- Devghat (RM) Location Devghat (RM) Devghat (RM) (Nepal)
- Coordinates: 27°48′N 84°25′E﻿ / ﻿27.80°N 84.41°E
- Country: Nepal
- Province: Gandaki
- District: Tanahun
- Wards: 5
- Established: 10 March 2017

Government
- • Type: Rural Council
- • Chairperson: Mr. Til Bahadur Thapa
- • Vice-chairperson: Mr. Bhuwan Singh Gurung
- • Term of office: (2022 - 2027)

Area
- • Total: 159 km^{2} (61 sq mi)

Population (2011)
- • Total: 16,131
- • Density: 100/km^{2} (260/sq mi)
- Time zone: UTC+5:45 (Nepal Standard Time)
- Headquarter: Devghat
- Website: devghatmun.gov.np

= Devghat Rural Municipality =

Devghat is a Rural municipality located within the Tanahun District of the Gandaki Province of Nepal.
The rural municipality spans 159 km2 of area, with a total population of 16,131 according to a 2011 Nepal census.

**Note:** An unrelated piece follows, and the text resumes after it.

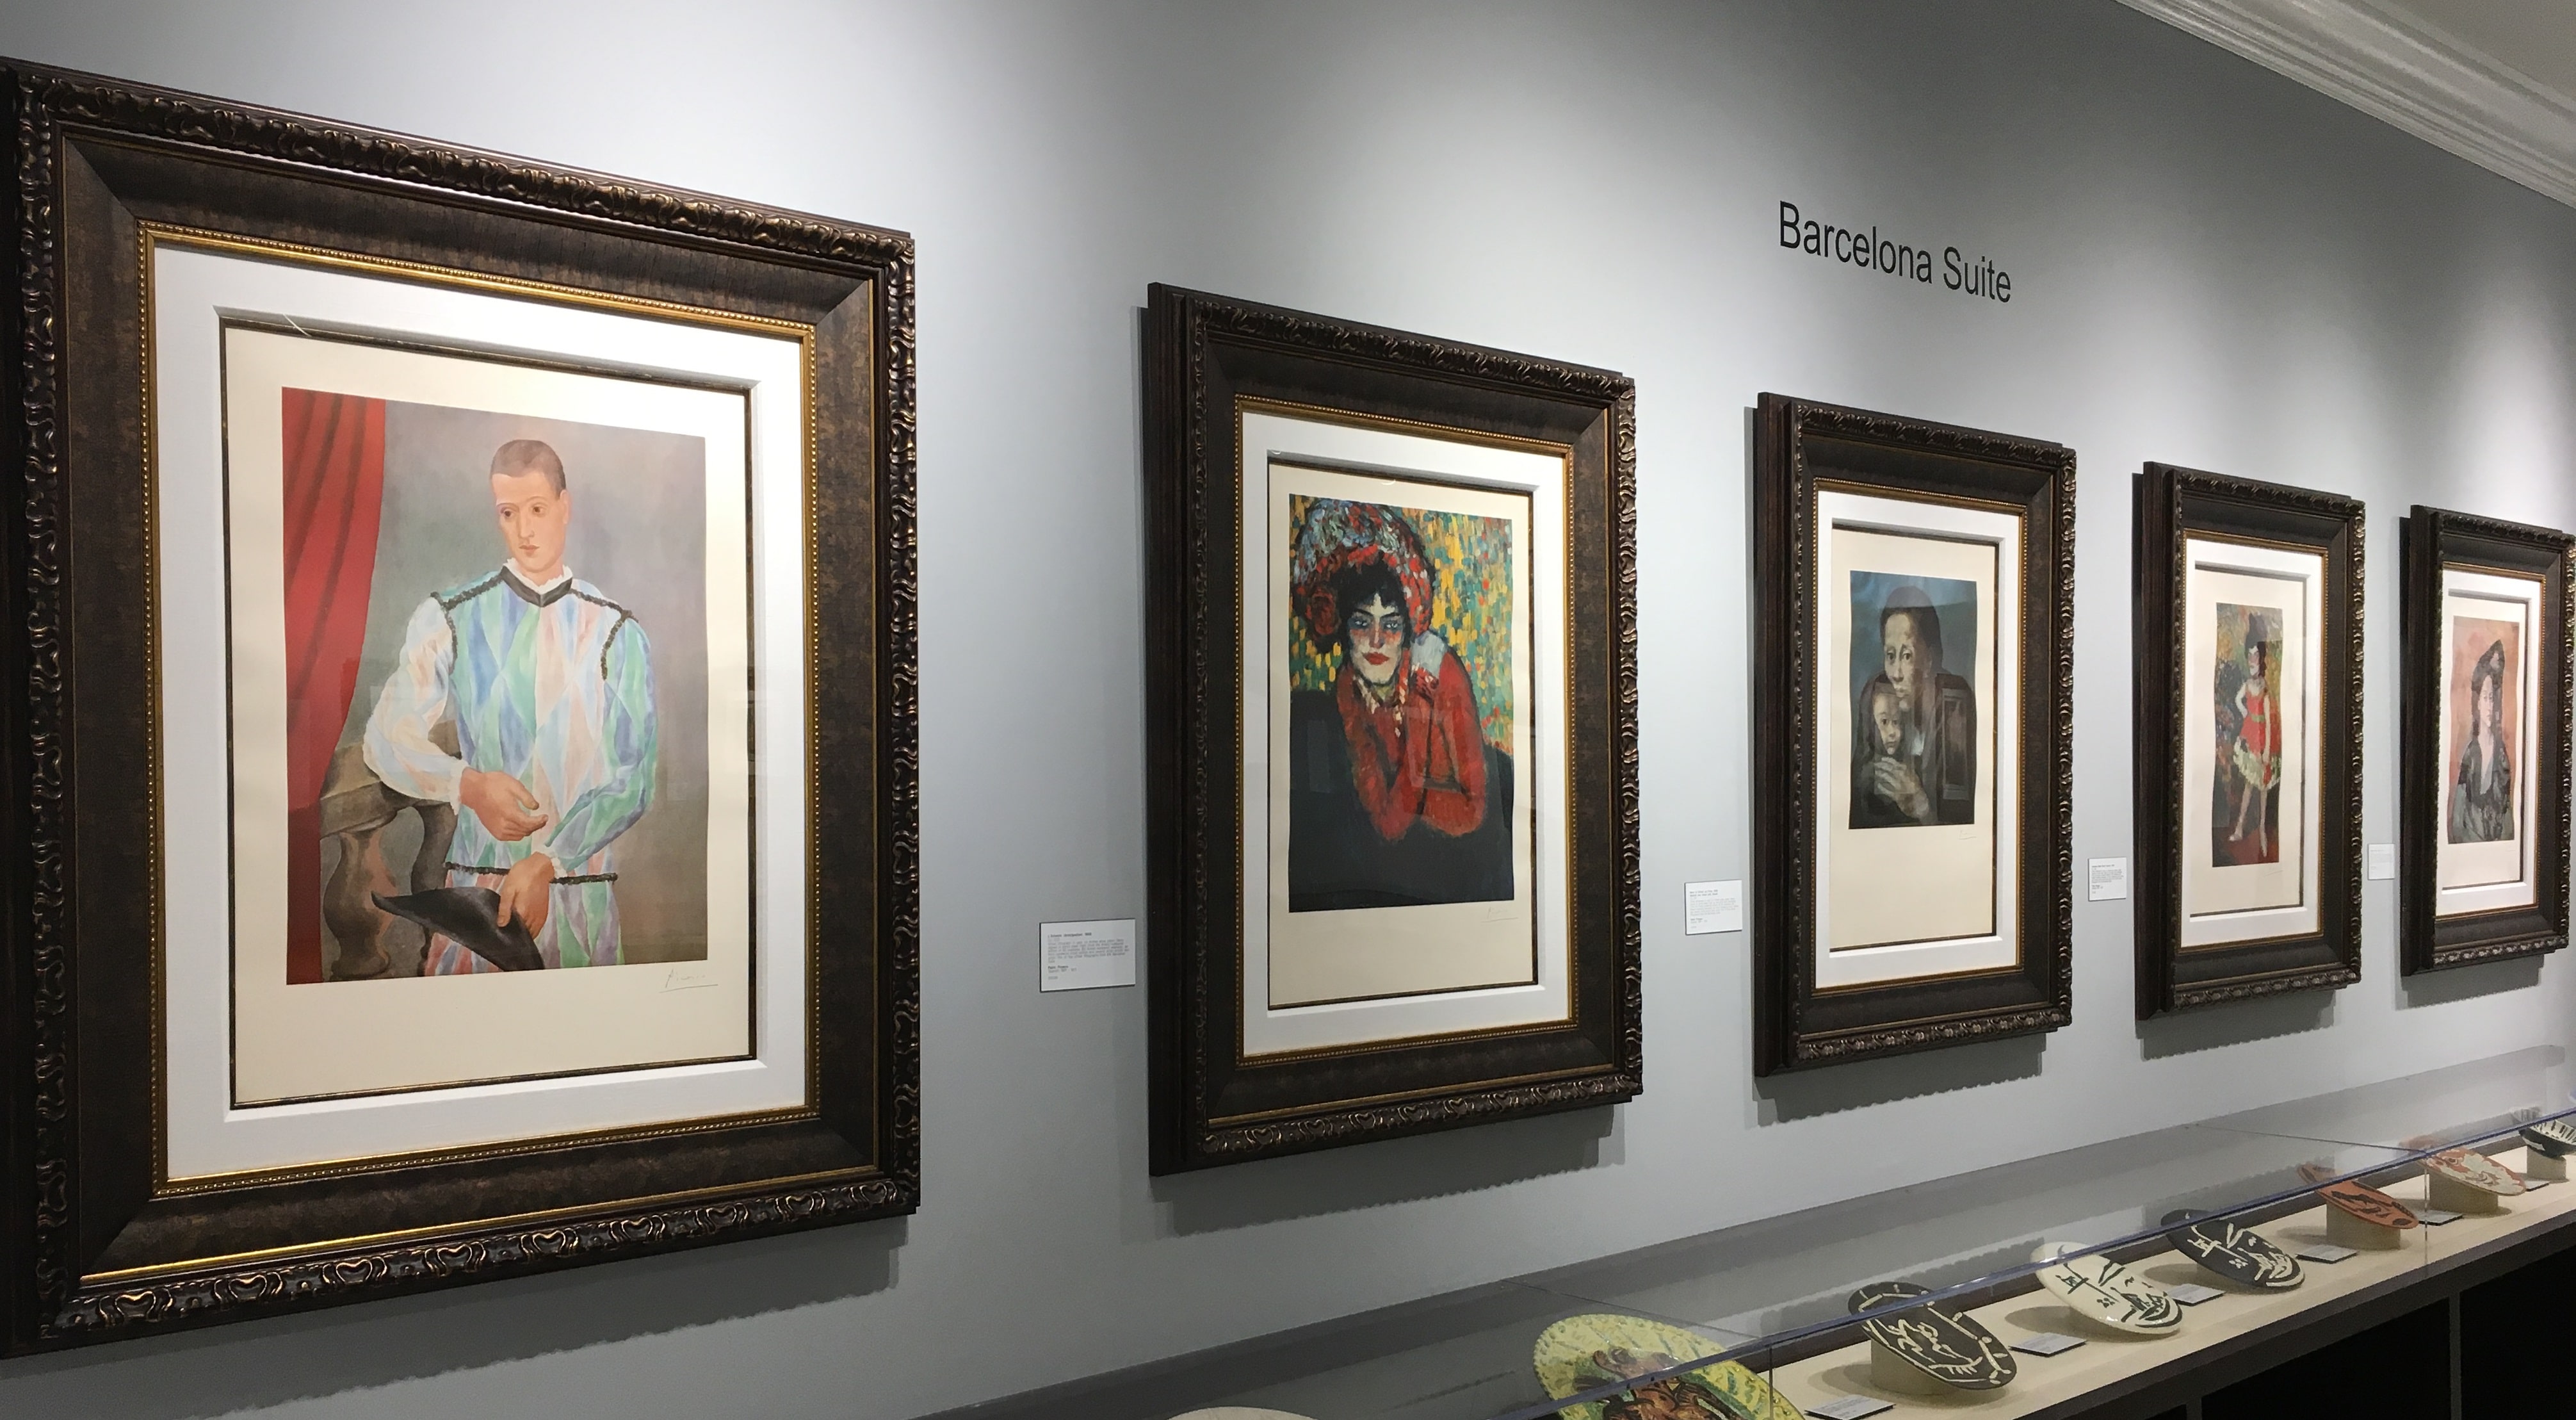 The "Barcelona Suite" gallery in the Picasso salon at Park West Museum

On March 10, 2017, the Government of Nepal restructured the local level bodies into 753 new local level structures.
The previous Devghat, Kota, Chhipchhipe and part of Baidi VDCs were merged to form Devghat Rural Municipality.
Devghat is divided into 5 wards, with Devghat VDC declared the administrative center of the rural municipality.

==Demographics==
At the time of the 2011 Nepal census, Devghat Rural Municipality had a population of 16,478. Of these, 44.1% spoke Nepali, 27.7% Magar, 22.0% Gurung, 3.6% Bhujel, 1.3% Bote, 0.6% Tamang, 0.4% Newar, 0.1% Chepang, 0.1% Sign language and 0.1% other languages as their first language.

In terms of ethnicity/caste, 34.8% were Magar, 31.5% Gurung, 8.8% Hill Brahmin, 6.5% Gharti/Bhujel, 3.8% Thakuri, 3.5% Chhetri, 2.6% Kami, 1.8% Bote, 1.8% Damai/Dholi, 1.8% Majhi, 0.8% Newar, 0.8% Tamang, 0.6% Sanyasi/Dasnami, 0.3% Brahmu/Baramo, 0.3% Sarki, 0.1% Chepang/Praja, 0.1% Musalman and 0.2% others.

In terms of religion, 68.0% were Hindu, 28.4% Buddhist, 3.2% Christian, 0.1% Muslim, 0.1% Prakriti and 0.2% others.

In terms of literacy, 67.2% could read and write, 2.0% could only read and 30.7% could neither read nor write.